The ugly shadows of racism, homophobia and family secrets weighs down the reader. There are moments of joy, color and vibrancy within the pages, however. Part of Avery’s passionate roller coaster stems from soaring in happy instances to plunging into misery-charged confrontations. The author manages to make us feel every single one of Avery’s feelings and to experience both vindication and dismay as she vents feelings and airs thoughts that are too full to be suppressed.

If there’s someone who comes off as a little blank, it’s Avery’s father, Sam. He has no real ties to Bardell save for his marriage to Avery’s mother. Mama Letty calls him a “white hippy”, dismissing him from any meaningful connection with her. Sam is often thrust into the role of the ineffectual peacekeeper when Avery, Zora and Mama Letty rage at each other. He himself rarely argues and expresses no disappointment when Avery constantly blows off their trips outside of Bardell to hang out with her new friends. Sam and Zora are genuinely in love but their close moments mainly serve to exclude the unhappy Avery.

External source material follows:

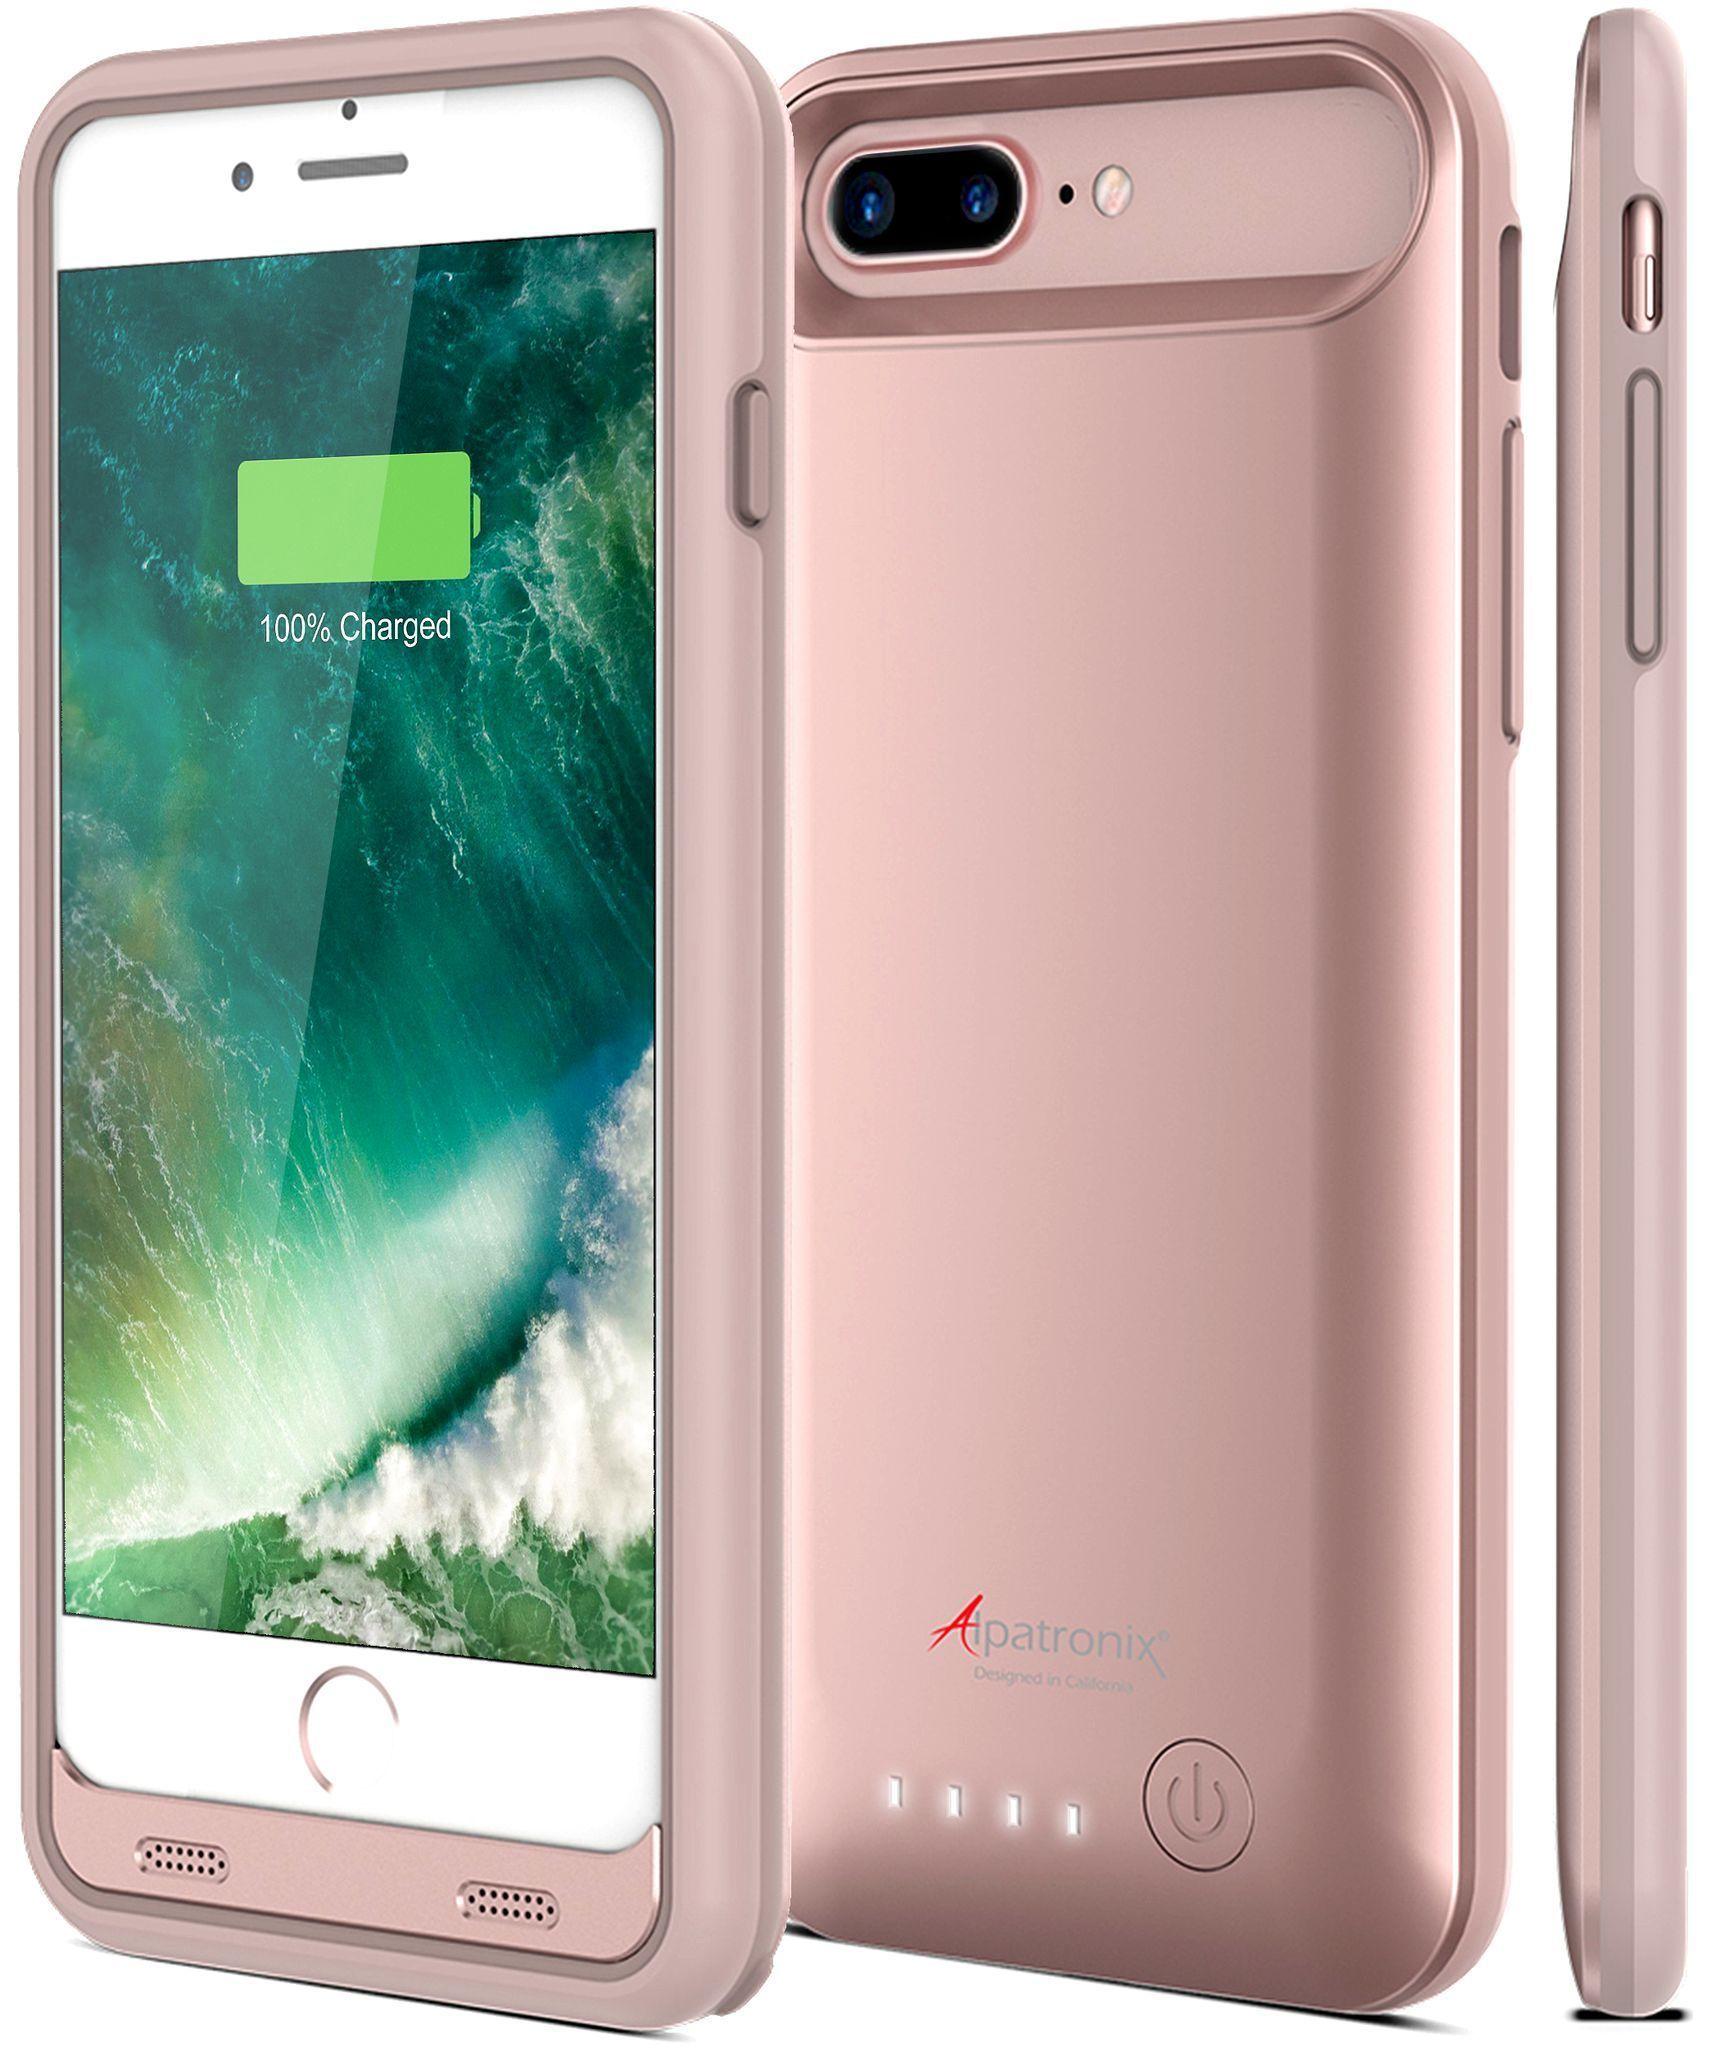 Alpatronix Bx170plus 4000mah Apple Certified Chip Iphone 7 Plus Battery Charging Case Iphone10 Iphone7p Iphone Phone Cases Iphone Cases Iphone Accessories

He comes off as a Goody Two Shoes. There’s nothing wrong with that except that his calmness and bliss don’t form an integral part of the drama so much as an oasis for Avery when she can’t cope with her mother and grandmother’s “Sturm und Drang”.

The novel brings us uncomfortably close to the underlying stain of hatred that is very much a part of America and is much closer to our present than some would like to admit. Yet, more than that, we are given the gift of a young girl on the cusp of womanhood who must learn from the other females in her life just how much she has to give in this world.